Copy / paste with headers -- low-tech, but this gets you exactly the columns and fields that you want to share with another team member.
When it comes to sharing code, you can use File->Export All Code to capture all SAS code from your project or process flow. However, I prefer to assemble my own "standalone" code piecemeal, so that I can make sure it's going to run the same for someone else as it does for me. To accomplish this, I create a new SAS program node and copy the code for each step that I want to share into it...one after another. Then I test by running that code in a new SAS session. Validating your code in this way helps to reduce friction when you're sharing your work with others.

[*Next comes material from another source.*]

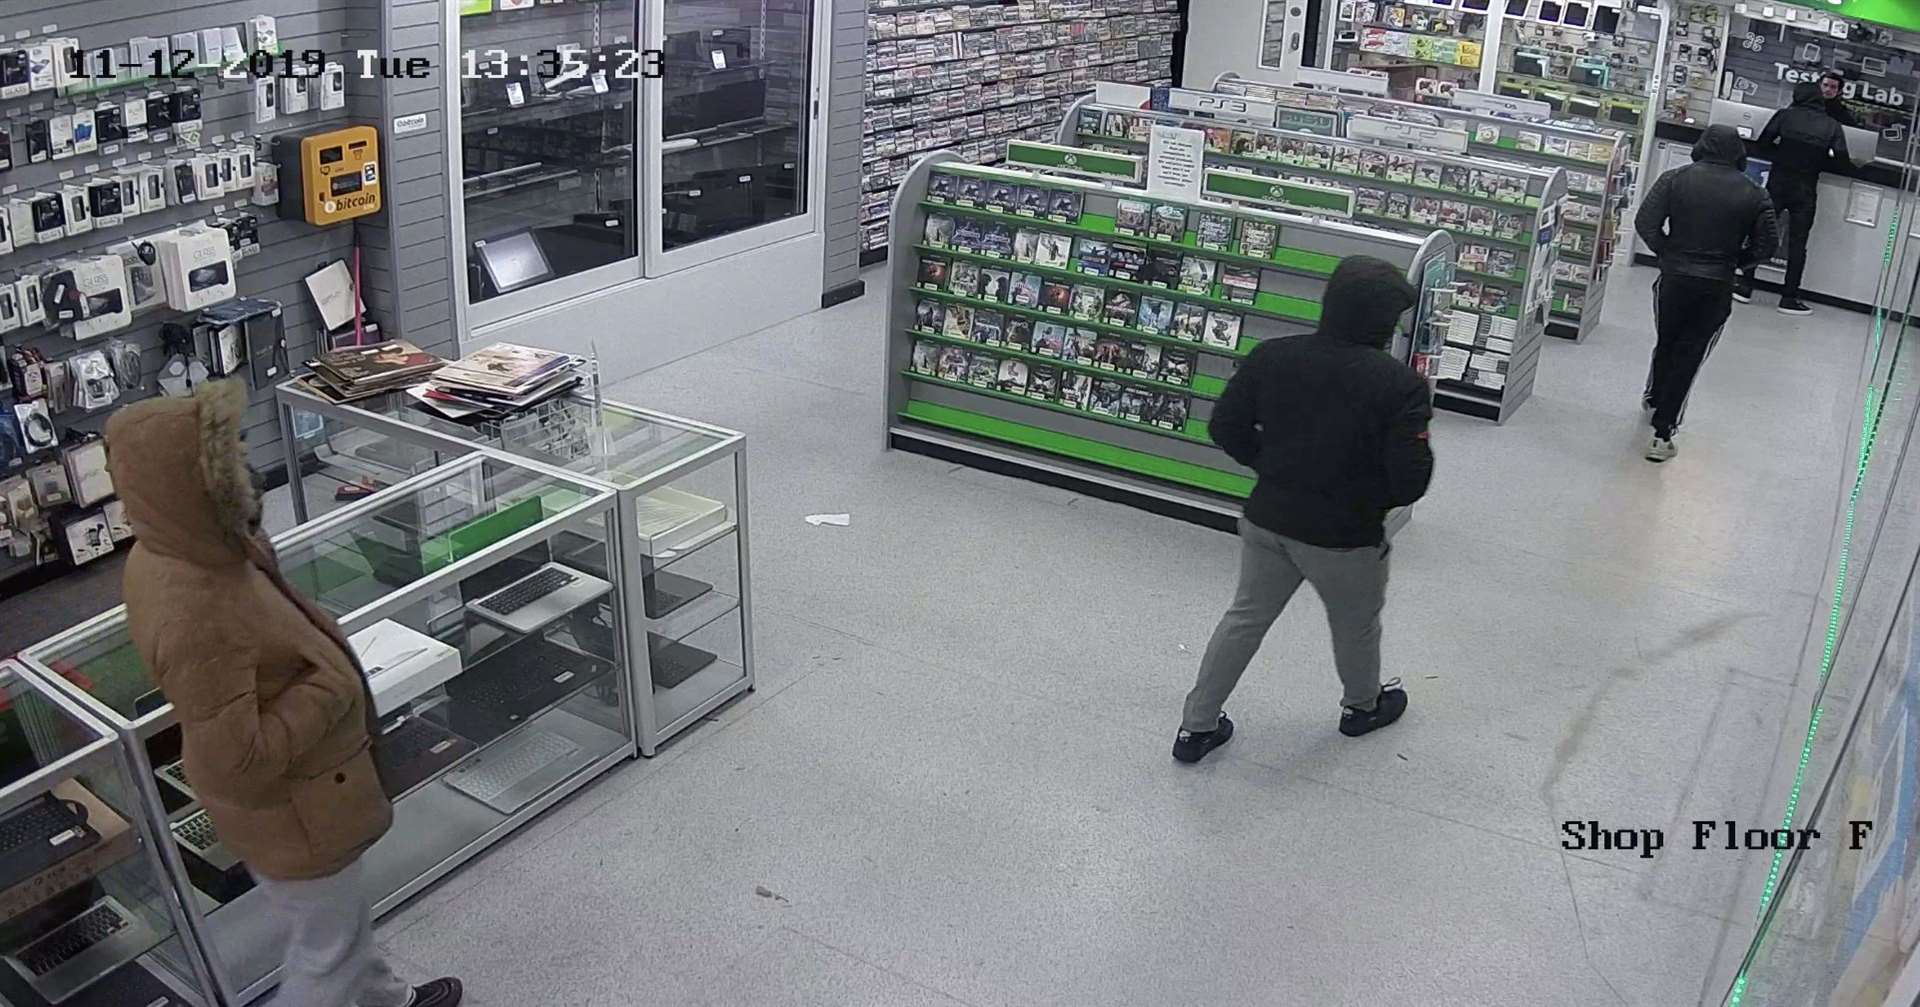 One man jumped over the counter and pushed a member of staff and stole the phones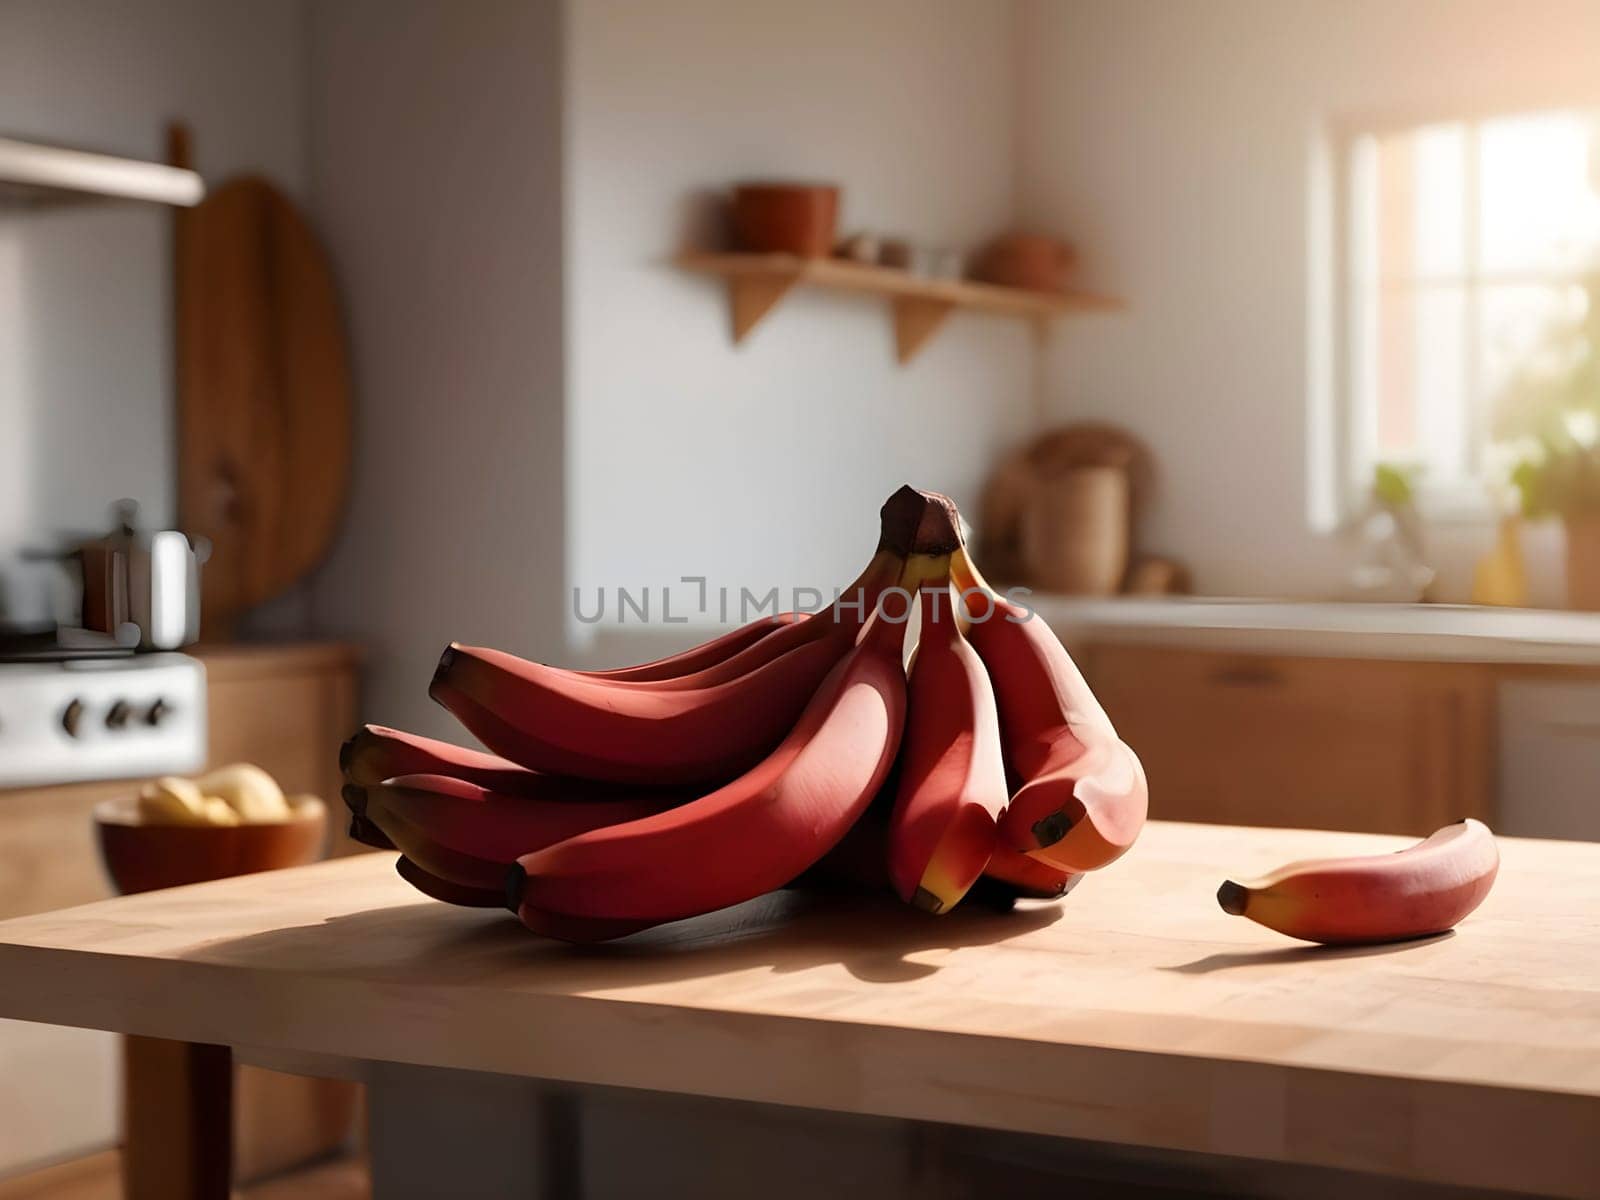 Kitchen Elegance: Red Bananas Glistening on a Wooden Cutting Board by mailos

Hacking your own personal growth
The obvious benefit of hackathons is that at the end of a short, intense period of work, you have new insights and solutions that didn't have before – and might never have arrived at on your own. But the personal benefit comes in the people you meet and the techniques that you learn. I find that I'm able to approach my day job with fresh perspective and ideas – the creativity keeps flowing, and I'm energized to apply what I've learned in my business.